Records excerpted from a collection
═══

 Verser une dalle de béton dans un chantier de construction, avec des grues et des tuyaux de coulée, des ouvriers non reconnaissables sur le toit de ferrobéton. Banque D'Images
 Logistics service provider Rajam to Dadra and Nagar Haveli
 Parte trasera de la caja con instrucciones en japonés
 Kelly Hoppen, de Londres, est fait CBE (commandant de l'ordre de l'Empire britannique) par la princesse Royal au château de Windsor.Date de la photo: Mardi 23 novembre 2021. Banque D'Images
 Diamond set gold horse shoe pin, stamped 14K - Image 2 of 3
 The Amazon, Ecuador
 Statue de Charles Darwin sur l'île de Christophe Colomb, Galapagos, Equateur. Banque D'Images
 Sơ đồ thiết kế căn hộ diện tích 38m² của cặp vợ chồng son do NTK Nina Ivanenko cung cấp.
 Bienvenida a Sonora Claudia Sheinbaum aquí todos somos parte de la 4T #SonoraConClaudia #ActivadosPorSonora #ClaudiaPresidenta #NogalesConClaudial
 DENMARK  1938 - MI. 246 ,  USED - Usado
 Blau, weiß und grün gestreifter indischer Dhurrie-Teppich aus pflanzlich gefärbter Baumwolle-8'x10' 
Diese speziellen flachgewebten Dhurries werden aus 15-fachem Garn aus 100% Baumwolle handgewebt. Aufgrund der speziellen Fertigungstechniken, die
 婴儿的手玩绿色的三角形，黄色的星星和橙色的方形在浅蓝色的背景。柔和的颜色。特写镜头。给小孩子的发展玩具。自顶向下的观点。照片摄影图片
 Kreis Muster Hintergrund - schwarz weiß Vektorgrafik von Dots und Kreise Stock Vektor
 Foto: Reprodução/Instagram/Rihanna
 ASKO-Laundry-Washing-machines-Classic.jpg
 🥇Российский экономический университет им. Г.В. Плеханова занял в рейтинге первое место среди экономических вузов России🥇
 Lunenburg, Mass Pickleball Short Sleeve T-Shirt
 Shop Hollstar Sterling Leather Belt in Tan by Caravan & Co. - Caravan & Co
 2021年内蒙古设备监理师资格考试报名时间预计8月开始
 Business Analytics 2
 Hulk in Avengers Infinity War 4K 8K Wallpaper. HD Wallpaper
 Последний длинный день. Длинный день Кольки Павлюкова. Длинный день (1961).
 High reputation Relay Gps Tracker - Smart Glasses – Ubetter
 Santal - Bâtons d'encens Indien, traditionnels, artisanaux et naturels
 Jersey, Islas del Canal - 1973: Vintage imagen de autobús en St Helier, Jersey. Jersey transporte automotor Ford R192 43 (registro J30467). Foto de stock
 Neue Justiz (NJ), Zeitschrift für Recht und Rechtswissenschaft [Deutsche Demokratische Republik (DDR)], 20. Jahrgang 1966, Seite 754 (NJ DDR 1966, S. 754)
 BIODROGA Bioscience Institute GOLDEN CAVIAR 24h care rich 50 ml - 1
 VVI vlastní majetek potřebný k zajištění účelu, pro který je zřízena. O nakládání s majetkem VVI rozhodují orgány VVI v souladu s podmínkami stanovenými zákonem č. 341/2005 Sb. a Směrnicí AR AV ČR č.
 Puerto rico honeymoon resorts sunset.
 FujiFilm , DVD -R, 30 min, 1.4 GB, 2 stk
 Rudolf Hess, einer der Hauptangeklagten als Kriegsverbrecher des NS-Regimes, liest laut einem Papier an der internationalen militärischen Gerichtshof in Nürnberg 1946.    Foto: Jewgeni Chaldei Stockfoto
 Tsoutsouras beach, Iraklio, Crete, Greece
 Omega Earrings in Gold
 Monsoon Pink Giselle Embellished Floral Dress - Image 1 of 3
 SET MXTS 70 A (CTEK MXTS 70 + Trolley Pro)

═══

Find how many of the lines above have the word "weiß" in them. State only that number.

2